Colligate: words that have a statistical affinity for grammatical classes.
Then we get onto semantic preference. This is really interesting. These are basically collocate groups. For example, in a search of the BNC for ‘encounter’ as a noun there are a collocations with: this, first, last, final, after, second, before, every. I would say (and I could be wrong) that this forms a semantic group of chronological markers.
What this means for teachers is that if you plan to teach ‘encounter’ as a noun, you should probably consider teaching it in contexts with these markers, probably as part of a story. This could be part of a prior reflection on words likely to arise as part of a task in a syllabus or, if you’re teaching using literature, that you might want to bring in some other materials if these collocates don’t appear (although there are also collocates with ‘casual’, ‘sexual’ and ‘thrilling’ for all you risque teachers).
Getting on to discourse prosody, which is the meanings and discourse usually associated with words, this basically has sociolinguistic implications in that how a word is used within a corpus (especially one taken at a specific time/place) tells you about the cultural values associated with that word. Again, in the BNC, if one searches for ‘elderly’ that it appears they need care, particularly health care and that they are vulnerable, which is also backed up by collocations.
For teachers, this means you might look at this word (for recycling especially) when teaching lessons based on health, or talk about health and infirmity when talking about age (and whether these should be taken as a given, of course; always question discourse!)
I haven’t had much time to play with AntConc this week because I want to make a better corpus to mess about with. Still, interesting stuff.
I joined the Futurelearn/Lancaster University Corpus MOOC (Massive Open Online Course) this week to supplement the module on technology and corpus linguistics I’m studying for my MA.
So far, so good. I’ve managed to watch all of the video lectures and I’ve done a good deal of the reading. It’s just a bit of a dip of your toe in the water this week but it was useful to read about different types of corpora as well as how to read the frequency data and so on (spoiler: think of source material and how wide it is).
One thing that did come up that I wanted to reflect upon was something said in one of the lectures:
Corpora may be used by language teachers to check frequency of occurrence so they may decide to teach their learners more high-frequency items.
It sounds right but then what about sequences of acquisition?
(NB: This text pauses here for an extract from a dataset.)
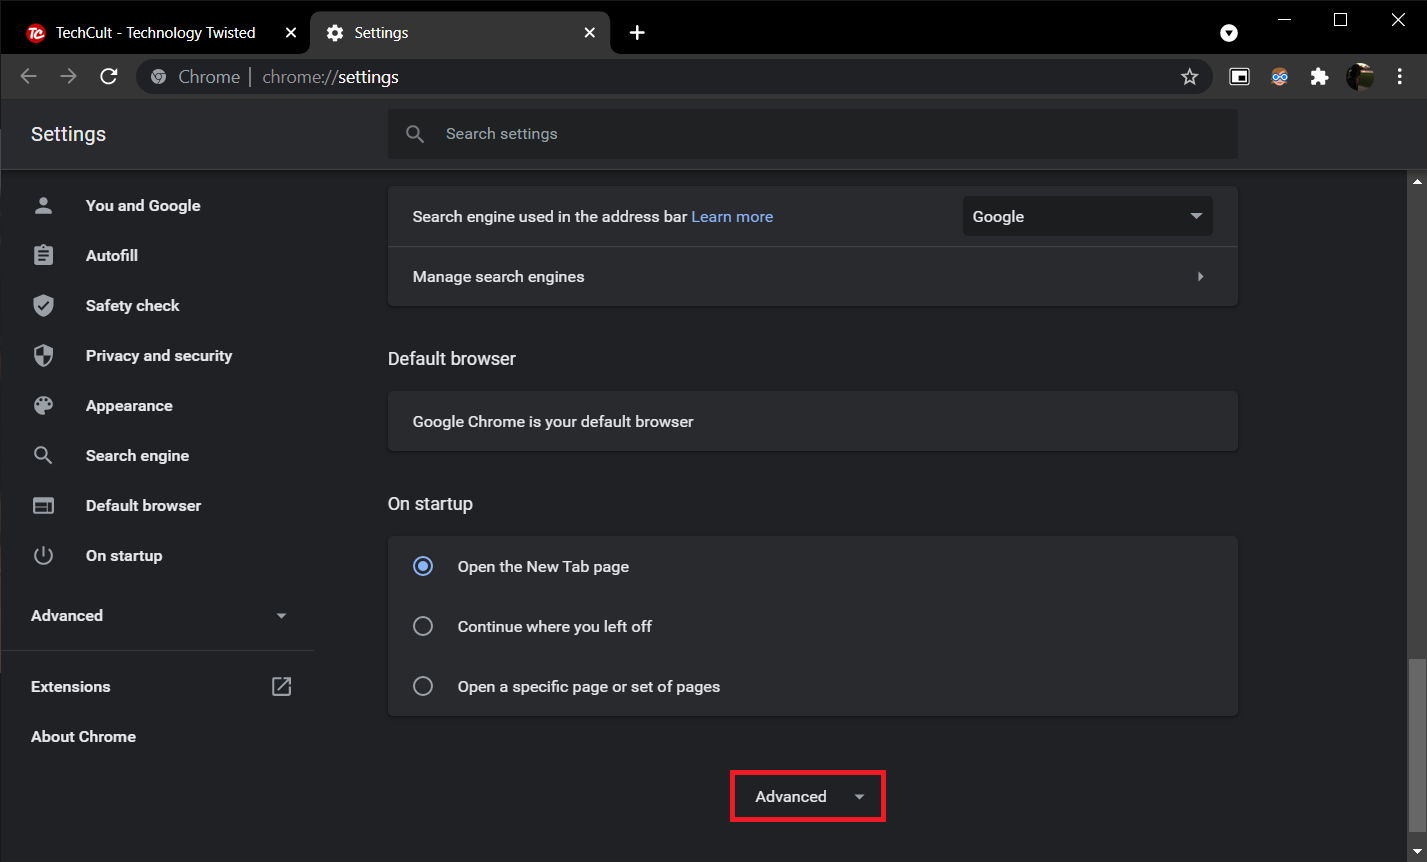 Google Chrome Settings page. How to Fix Taskbar Showing in Fullscreen on Windows 10

Sure, single words, especially simple nouns or verbs might be chosen, but could it be the case that some high-frequency structures are acquired later than less frequent ones? I think I have more reading to do!
The other day I had a lesson with my TOEIC class at one of the universities I teach at and we were having a vocabulary review. I decided to check knowledge of collocations by using some collocation forks and have my students check things out using COCA.
That part of the lesson worked well; after getting the students used to productive use of the corpus and reducing the number of lines, all was good. Checking things like ‘take in’ they found that it has mainly visual or cognitive stimuli that collocates.
It might have looked like my students were having a faff about on their phones but if I don’t teach them how to use a corpus in lessons, they probably won’t be able to use it without guidance at home.
I have in the past used Twitter as a corpus with students but it doesn’t work very well to give concordances all the time.
If you are interested in working with COCA, you should definitely give Mura Nava‘s Cup of COCA posts out.